Global Insight Staff

Afghans are set to head to the polls for the country's second-ever presidential and provincial council elections tomorrow, amidst a deteriorating security situation that has sparked fears over the perceived legitimacy of the results.

 

IHS Global Insight Perspective

 

Significance: Afghanistan’s second-ever presidential and provincial council elections are set to take place in an environment of increasing insecurity tomorrow.

Implications: Pre-poll violence and flawed electoral processes have sparked justified fears that the legitimacy of the elections may be contested after polling closes.

Outlook: Overall the elections present Afghanistan both with the opportunity to deepen democratic processes as well as the dangers of slipping back into violence. Should the legitimacy of the elections be contested on charges of fraud, most likely in a small-margin victory or after run-off elections, this could well lead to massive demonstrations and political violence, a scenario that unfortunately appears increasingly likely at the present stage. Another plausible scenario is Karzai winning by a simple majority vote, and politics in Afghanistan continuing by and large as before. It should be noted, however, that the complex political environment of Afghanistan could well hold surprises, as there are a multitude of uncertainties (distracting factors) that could steer Afghanistan into a wildly different direction.

Afghanistan is set to conduct its second-ever presidential and provincial elections tomorrow (20 August), completing its first full election cycle. While this in itself is good news, the stage for the elections is everything but favourable, with the general public seriously disenchanted by central state institutions and their hesitance or failure to achieve significant progress in the Afghan political landscape.

Perhaps most importantly, the government as well as international forces failed to contain the Taliban insurgency that has made a resounding comeback since 2006, and violence levels in June and July 2009 were the highest ever recorded since 2001. There has been a particular hike in violence just days prior to the elections, including attacks on the presidential palace, on NATO headquarters, and various other highly strategic locations throughout the country. Indeed, Afghanistan's deteriorating security situation constitutes the single most important threat to the 2009 elections, and the country's premier electoral institution, the Independent Election Commission (IEC) has said that this is likely to restrict or prevent more than 10 per cent of the population from participating. The Taliban have repeatedly vowed to boycott and disrupt the electoral process. As a result, election results are likely to be skewed, fuelling concerns over the legitimacy of results. Concurrently, insecurity also potentially limits the ability of observers to prevent or detect fraud, an issue that will play a crucial role in Afghanistan's post-election landscape as it is estimated that up to three million voting cards among the 17.5 million registered are fraudulent. All these issues put at risk the (perceived) legitimacy of the election results.

Apart from insecurity, the issues at stake are numerous, and include severely underdeveloped institutions, limited reach and acceptability of the central government, rampant corruption, unemployment, and a flourishing drug trade (Afghanistan produces more than 90 per cent of the world's illicit opium).

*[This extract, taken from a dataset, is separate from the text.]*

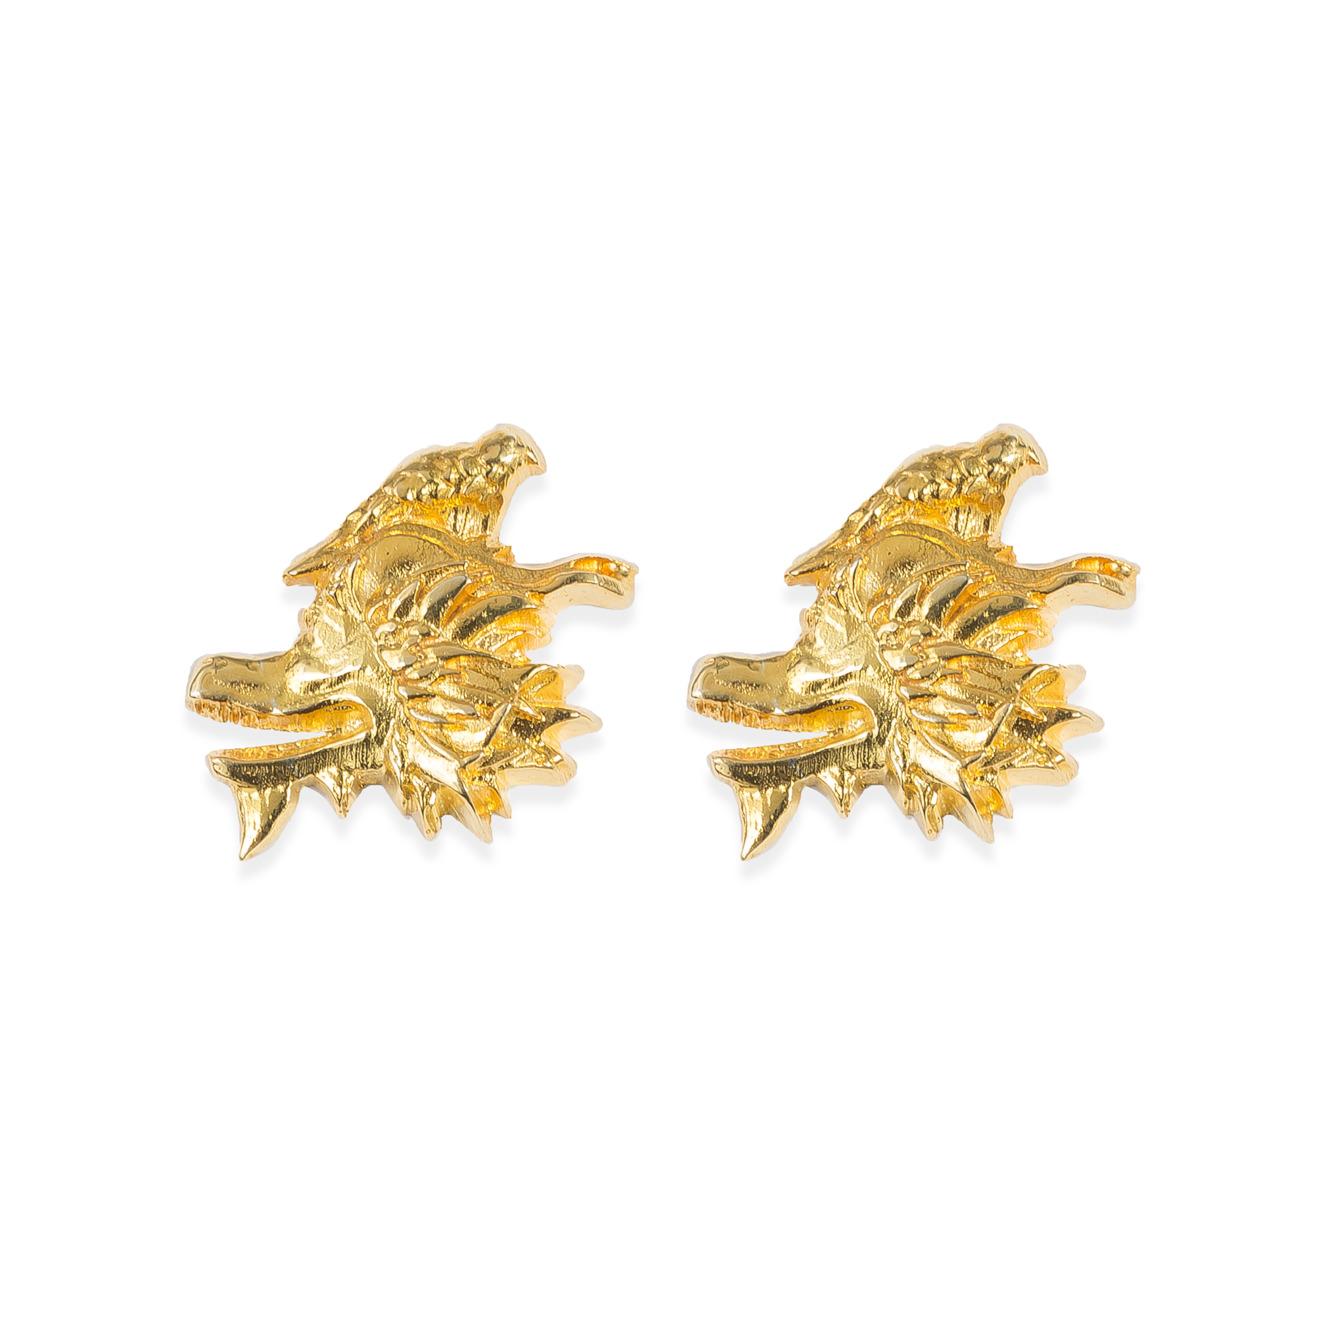 Natia x Lako Позолоченные серьги-китайские драконы с птицей

While the administration under Hamid Karzai has been unable and/or unwilling to address any of the above issues, and while Karzai's popularity figures have shown a marked decline over the past years, he is widely expected to retain his office. This view pertains to Karzai's keen ability to negotiate strategic alliances with possible contenders, as well as to a rather disparate field of rival candidates. With a few exceptions, most of the 40 presidential candidates that will stand against Karzai have been criticised for not being sufficiently qualified to become the country's president and/or have a history of war crimes. Karzai's fiercest contender is former foreign minister Abdullah Abdullah, although former planning minister Ramazan Bashardost and former finance minister Ashraf Ghani could also be in a position to reap large shares of votes from Karzai. This is particularly true if, as expected, many Pashtun (and pro-Karzai) voters in the south of the country are unable to vote due to the precarious security situation there, with Tajiks in the safer north (many of whom are pro-Abdullah) likely to be disproportionately well represented.

Importance of (Perceived) Legitimacy of Results

Of immediate importance is an electoral process that produces results accepted by the majority of Afghans. However, the deteriorating security situation, weak electoral institutions and processes, incumbent advantages as well as a generally violent political culture have bred fears over results being perceived as illegitimate.

Firstly, rampant insecurity especially in the south and east of the country is likely to result in more than ten per cent of polling stations remaining closed on election day, with those affected mainly being Pashtuns. With the Taliban threatening to cut off fingers or even slit throats of those who have voted, the number of people being barred from voting could be even higher, with important implications for the representativeness of election results.

Secondly, flaws in the current system of Afghanistan's electoral institutions, that range from a problematic legal framework upon which the existence and conduct of these institutions is built, to the registration process of candidates and allegations of being politically biased, are likely to skew results. Overall, it is estimated that up to three million voting cards out of a total of 17.5 million cards are fraudulent.

Thirdly, in the likely event that Karzai wins the elections, however small the margin, his contenders are likely to point out his incumbent advantages. Under current constitutional provisions Afghanistan's president enjoys significant advantages in contesting elections, which many have argued go well beyond the usual advantages of incumbency. This includes the power to appoint IEC officials, provincial governors, gain disproportionate media coverage and access to state resources.

Finally, the issue of legitimacy is expected to become a major issue not least due to the anticipated small margin victory of any candidate, possibly through run-off elections. This poses the inherent danger that rival candidates and their supporters would take to the streets, which in light of Afghanistan's generally violent political culture, could well lead to violence.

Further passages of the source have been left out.